— Конечно, не доносят всего и с фронта, и мы в сущности очень мало знаем из того, что там делается на самом деле.
— Ложь во спасение! А что мы могли бы сделать здесь, если бы знали всю правду? Головой об стены стукаться? Не нами начато, и не нами ведется…
— Но мы можем кончить! — вдруг сказал Ливенцев.
— Как же именно кончить?
— Забастовать!
— Это вам не университет! — улыбнулся Моняков и закрыл глаза.
— Однако университет призван на войну, — ведь мы-то с вами — университет, и таких, как мы, много в армии, и такие, как мы, вполне могут кончить войну! — горячо вдруг сказал Ливенцев.
Но Моняков спросил, не открывая глаз:
— Это вы мне тоже ложь во спасение? Нет, мне уж не нужно… потому что мне все равно.
Ливенцев постарался сделать вид, что не заметил тона, каким это сказано, и продолжал:
— Вам кажется, что война кончится только тогда, когда Вильгельма положат на обе лопатки, а это будет еще не скоро, потому что он весьма силен. Потому что в Германии стали в тринадцатом году было выработано девятнадцать миллионов тонн, в то время как в Англии — шесть, во Франции — четыре, а у нас — всего-навсего два с половиной миллиона… И как его, Вильгельма, засыплешь сталью, когда у него ее больше, чем у всех союзников? Значит, победить его хотят не количеством стали, а количеством людей. А людей у союзников гораздо больше. И люди Германии, прошедшие университеты, должны будут первые сказать: «Мы воевать не хотим!»

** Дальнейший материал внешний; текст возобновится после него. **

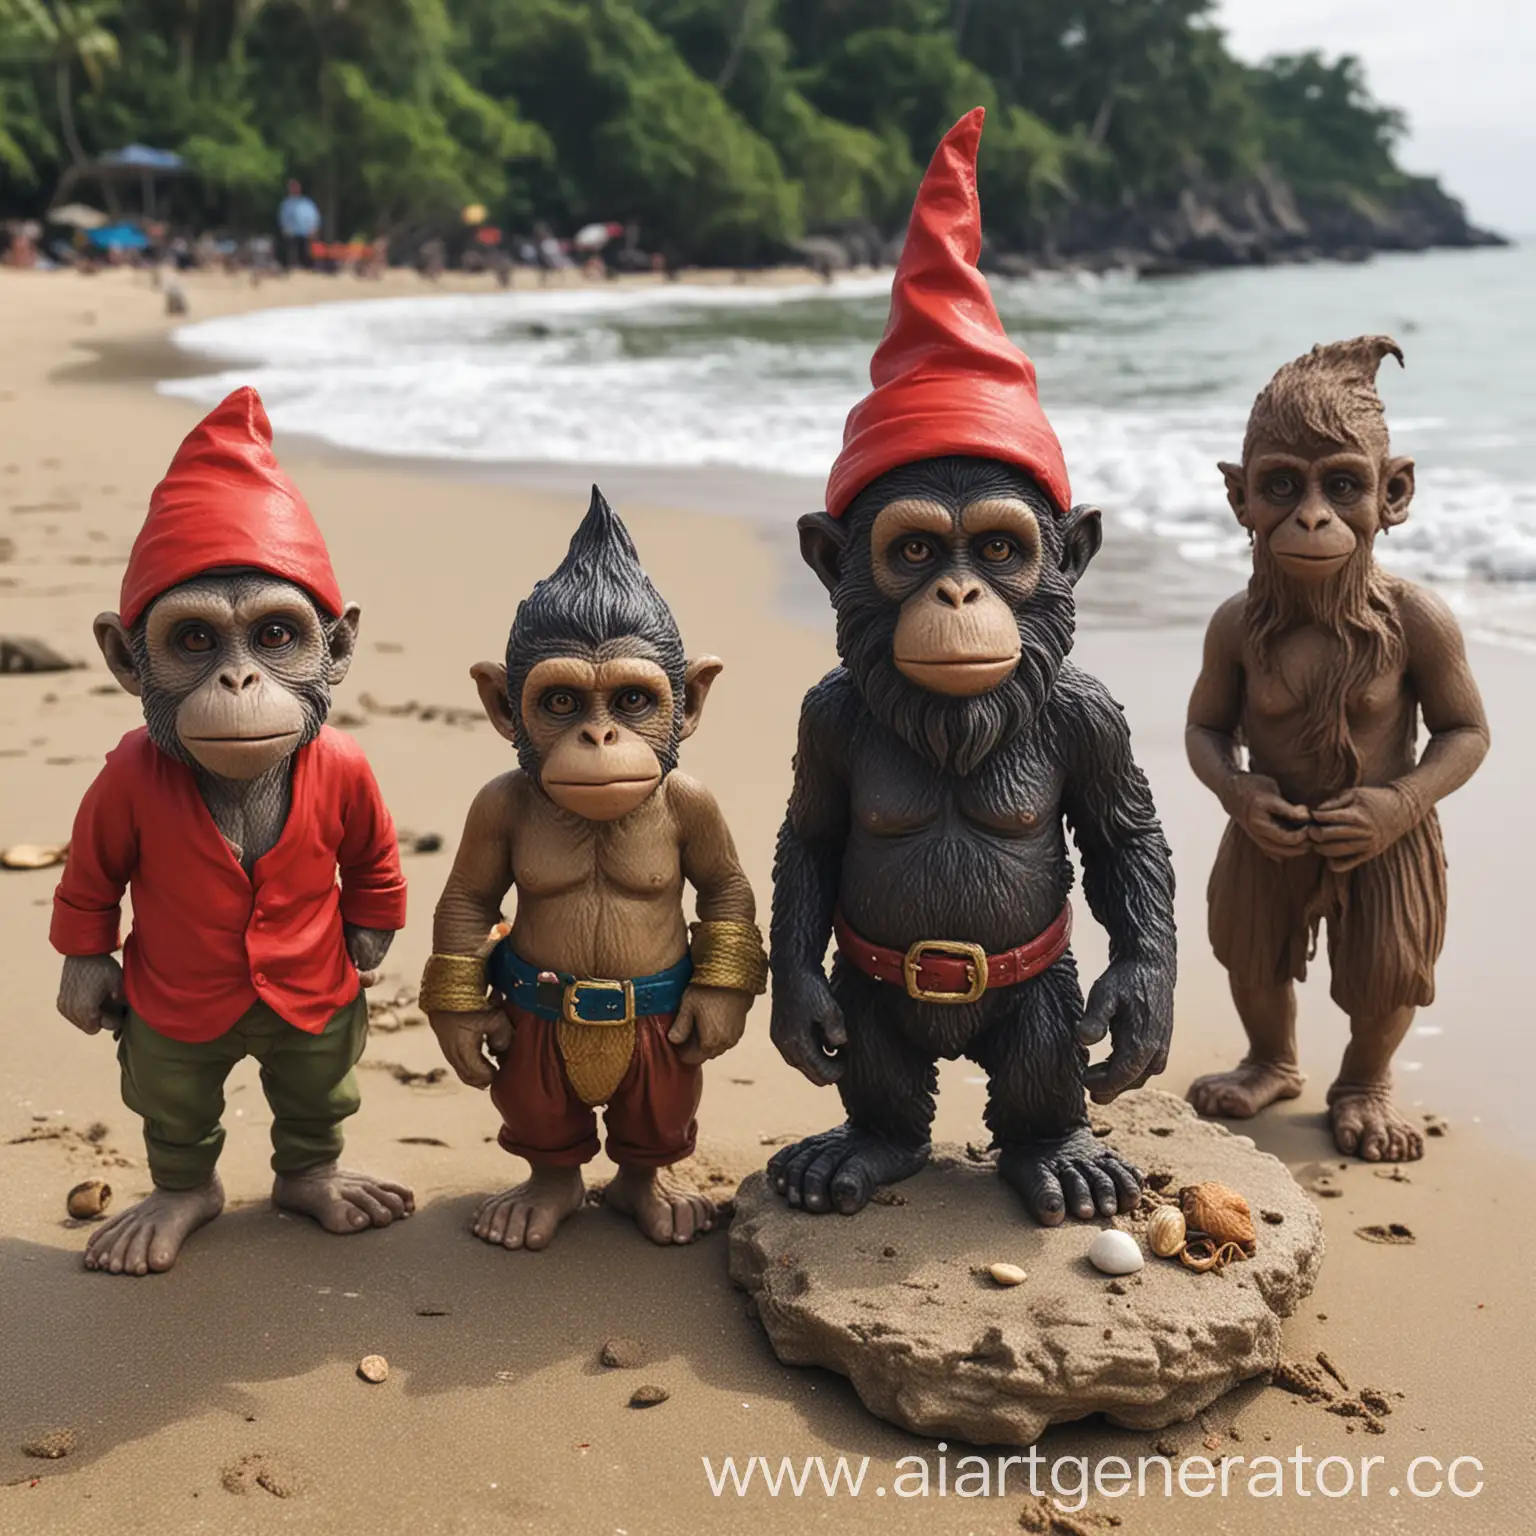 Диман живая обезьяна, Саня живая обезьяна, и злобный гном Анрюха на пляже

— Да разве эта война в человеческих масштабах затеяна? — устало сказал Моняков. — Устроена катастрофа в размерах всемирного потопа. Предприятие грандиозное, что и говорить! И как так можно ее остановить, когда есть хозяева предприятия?.. Я когда-то в цирке был. Гимнасты там свои штуки показывали, да ведь не внизу, а под самым куполом, на подвижных трапециях… Были, конечно, нервные люди среди зрителей. Кричат в голос: «Довольно! Прекратить!» Гимнасты приостановились было, ждут, когда их опустят вниз… и вдруг зычный очень голос, хозяйский: «Ра-бо-тай!..» То есть вертись, как вьюн, на такой высоте. А в случае чего, ломай кости… И гимнасты опять замелькали… Так и война эта. Что могут с нею гуманисты сделать?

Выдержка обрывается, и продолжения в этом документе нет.